- Instructions for the task -
Would you transcribe the entries below, beginning at the line with "Italian Thanksgiving Recipes" and ending after the line with "Officine Creative Shoes CIABATTA PELAGIE/010", exactly, with no picture and nothing more?

- Data to process -
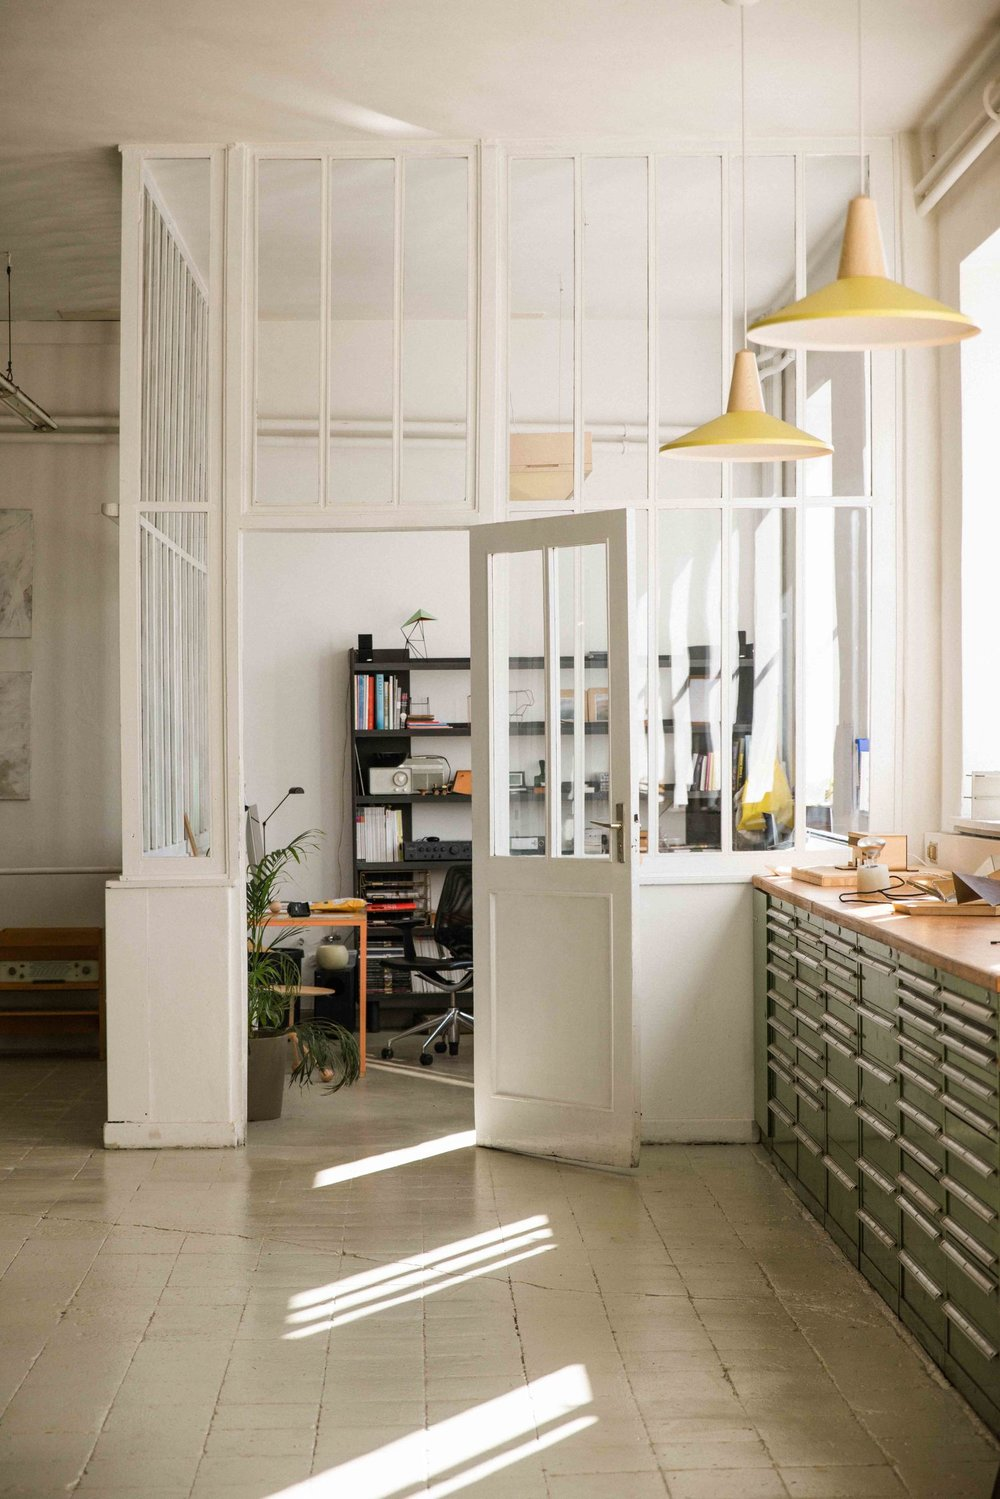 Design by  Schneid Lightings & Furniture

==

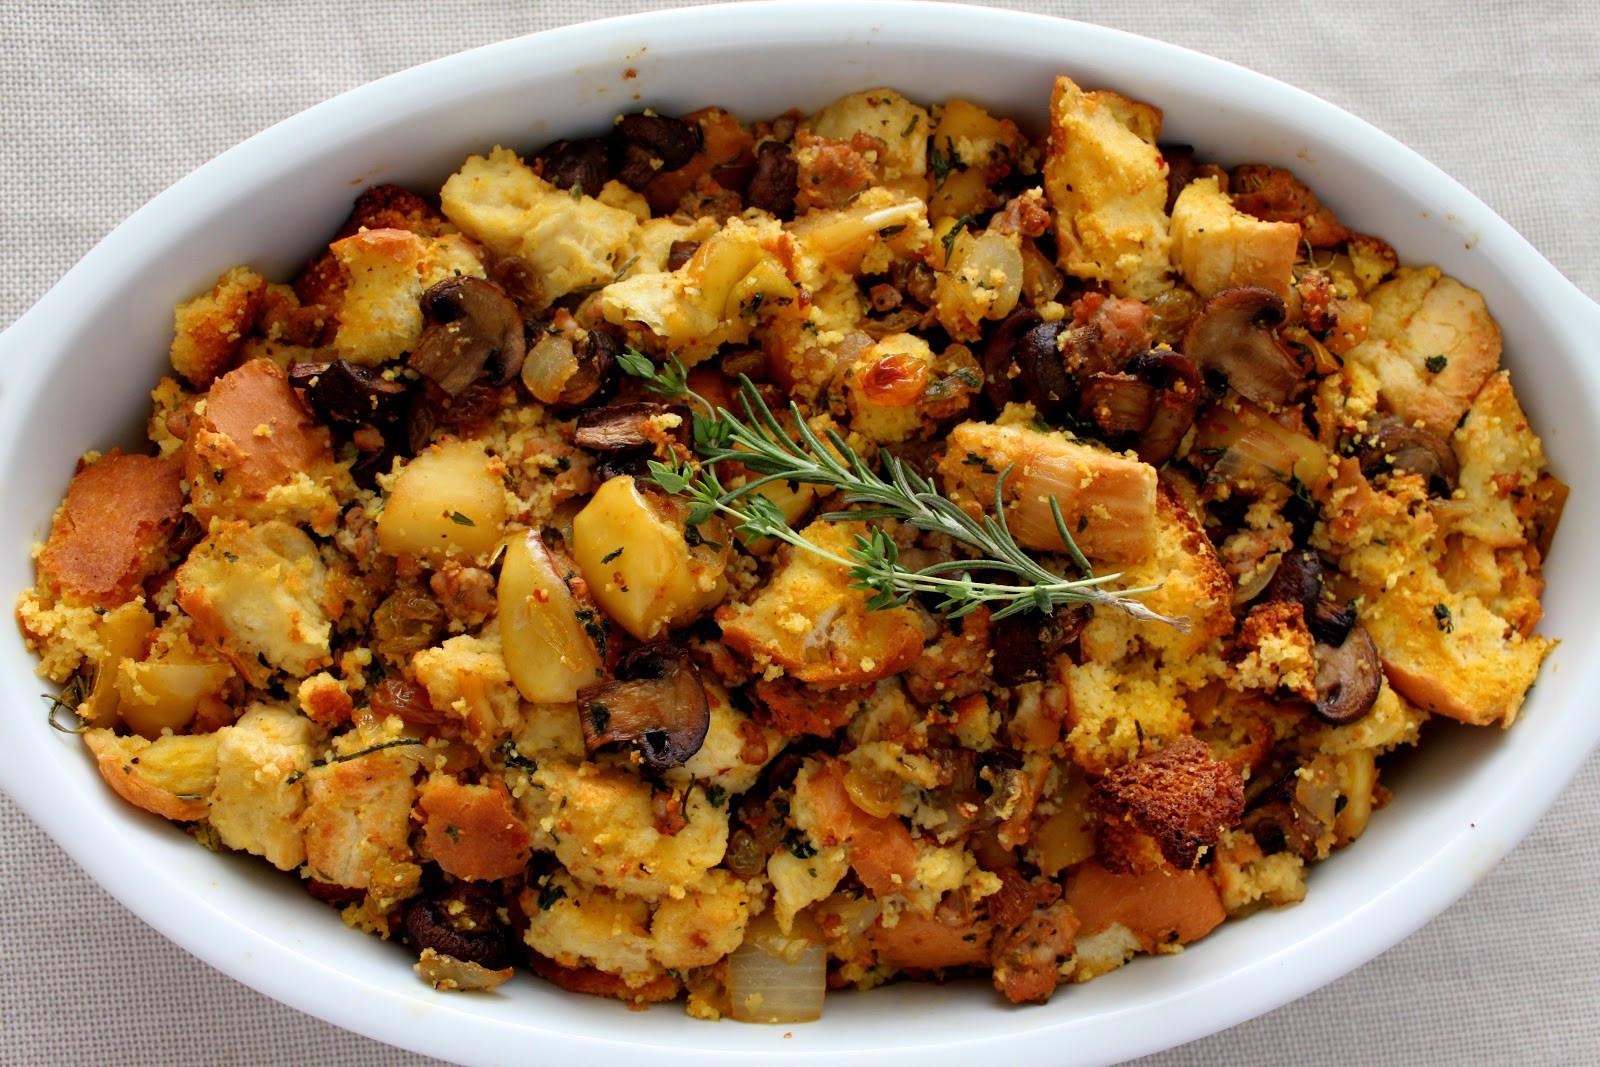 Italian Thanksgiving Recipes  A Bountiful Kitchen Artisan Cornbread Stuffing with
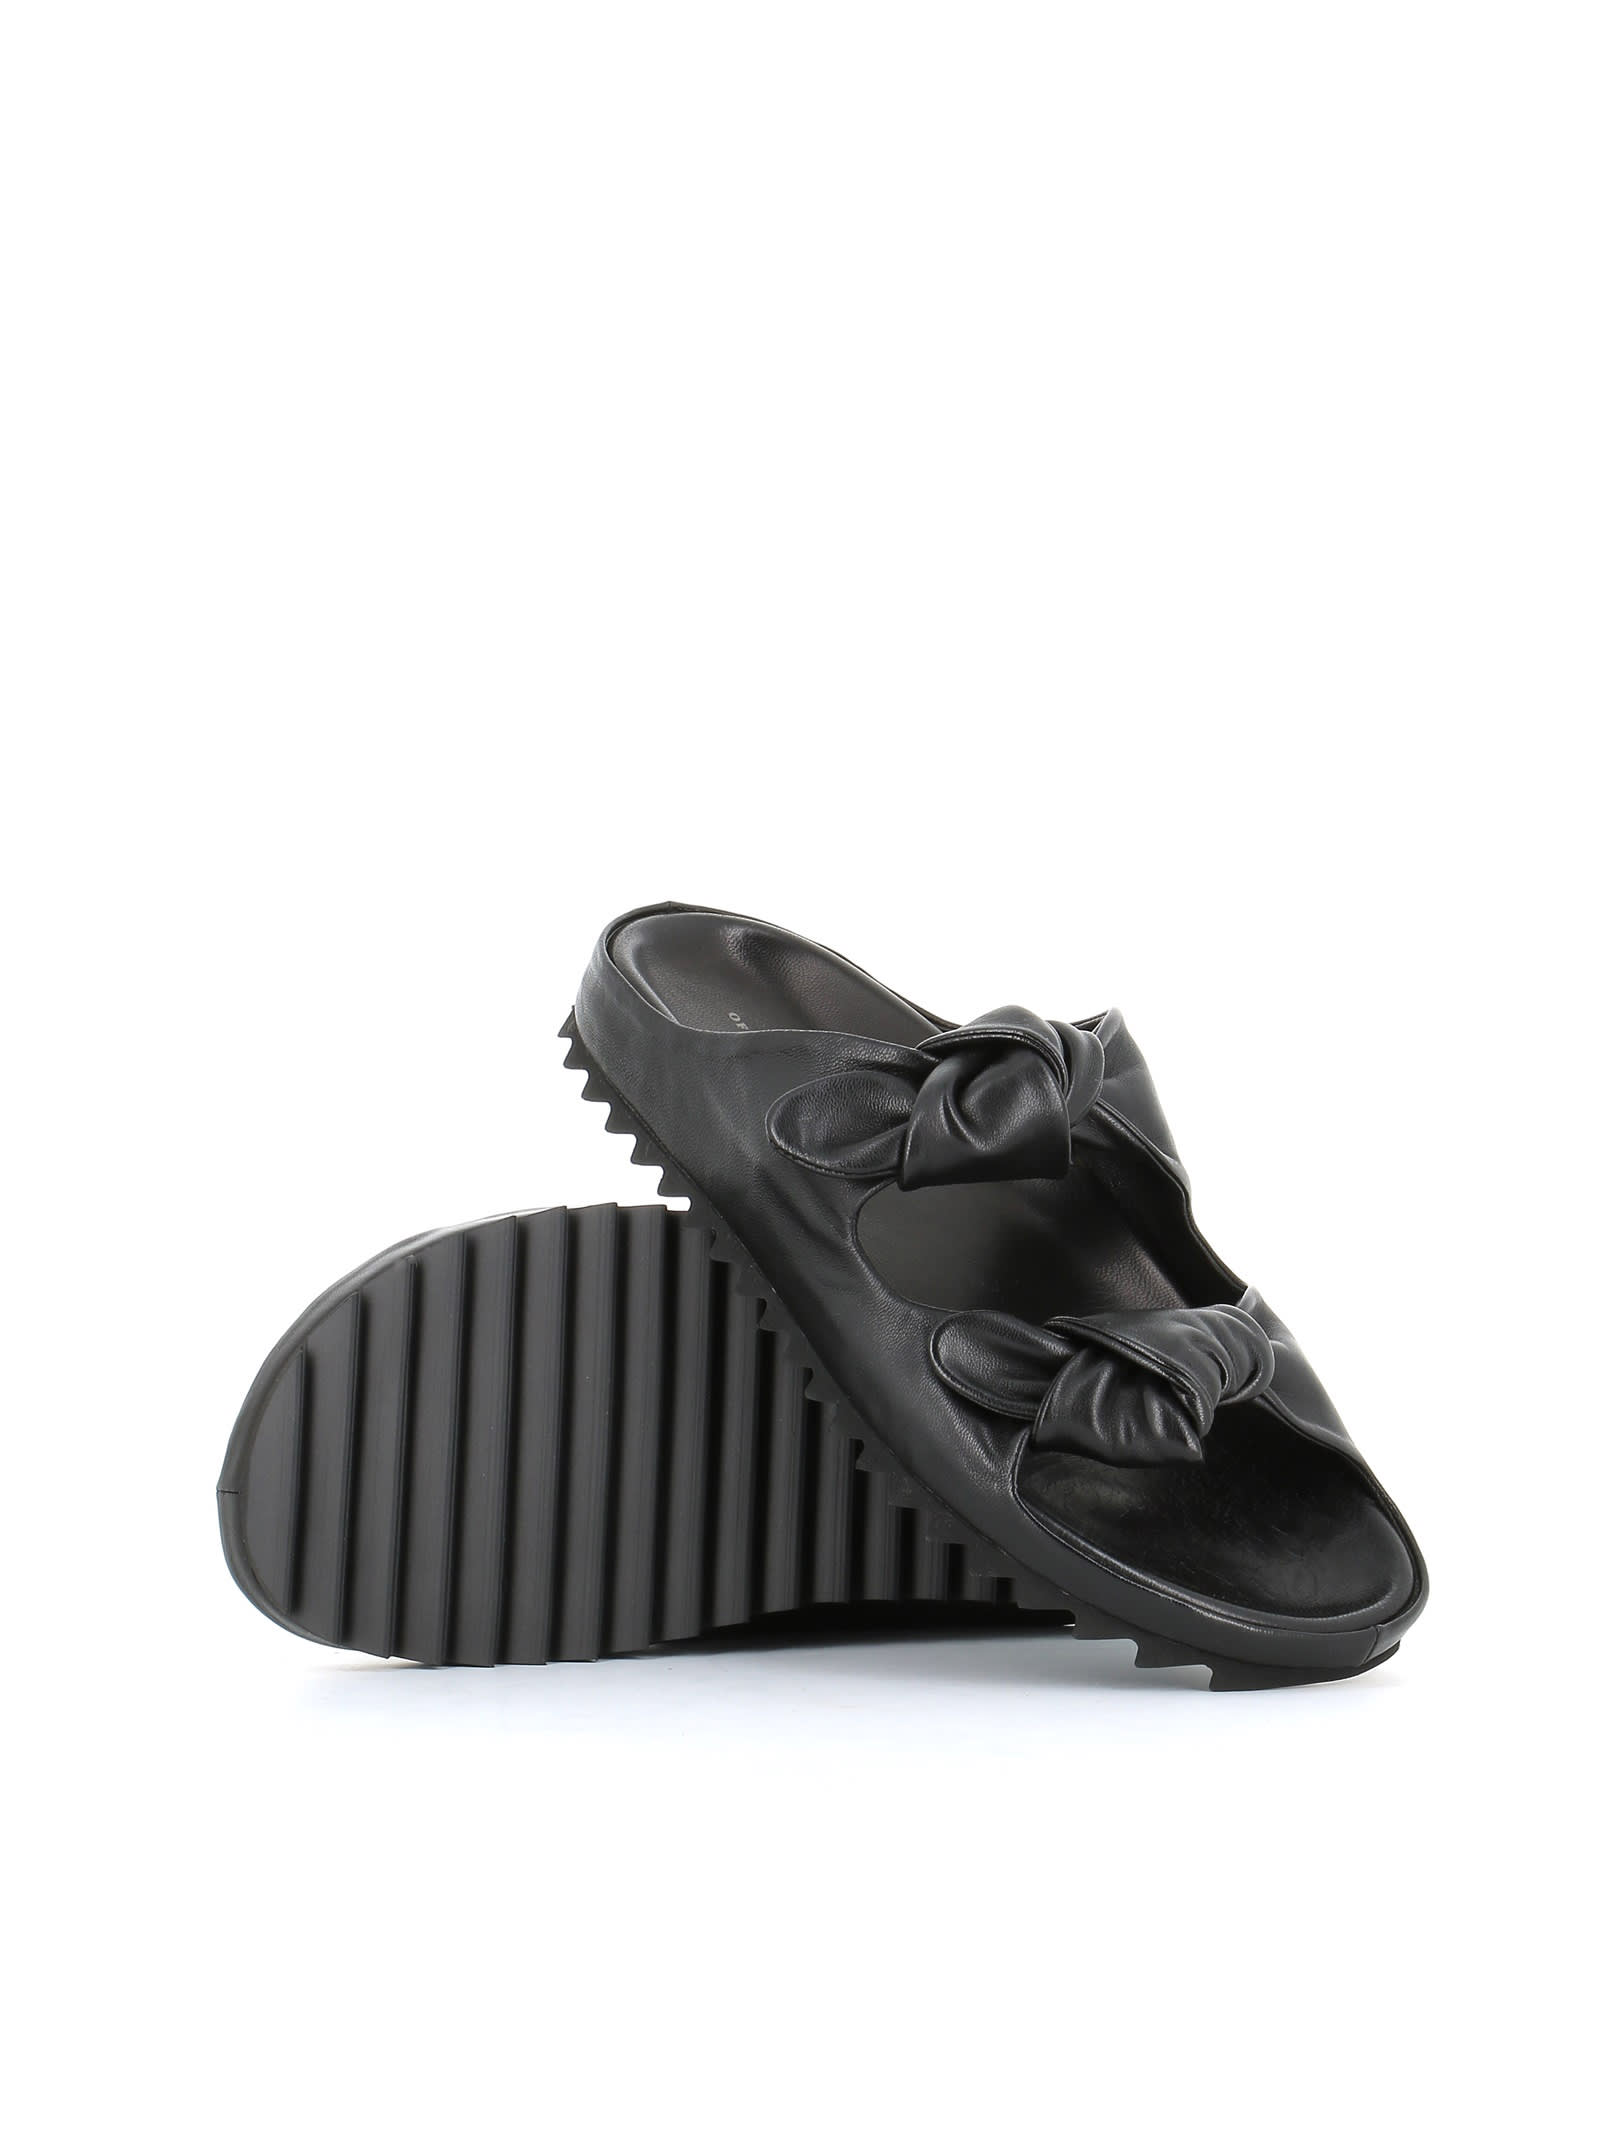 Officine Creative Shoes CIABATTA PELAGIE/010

* * *

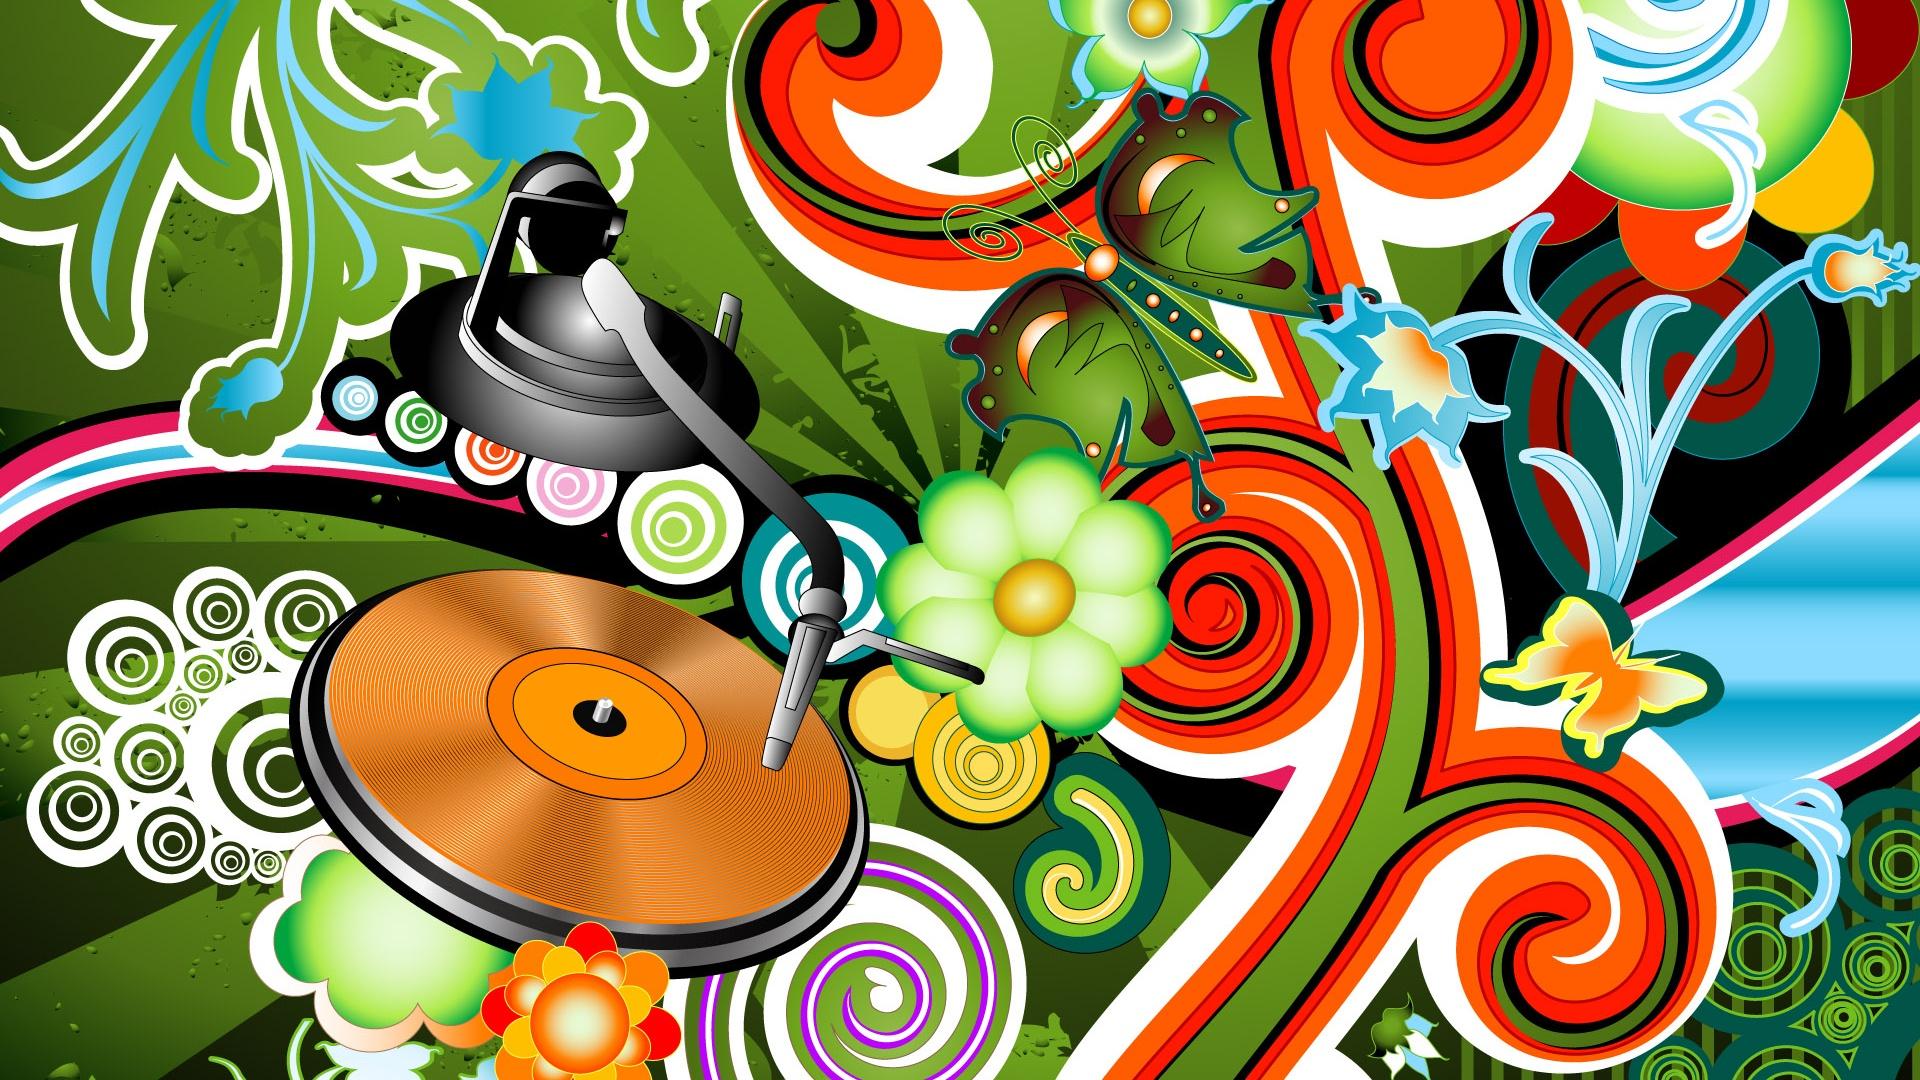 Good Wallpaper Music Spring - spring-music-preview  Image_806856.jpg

- Task output -
 Italian Thanksgiving Recipes  A Bountiful Kitchen Artisan Cornbread Stuffing with
 Officine Creative Shoes CIABATTA PELAGIE/010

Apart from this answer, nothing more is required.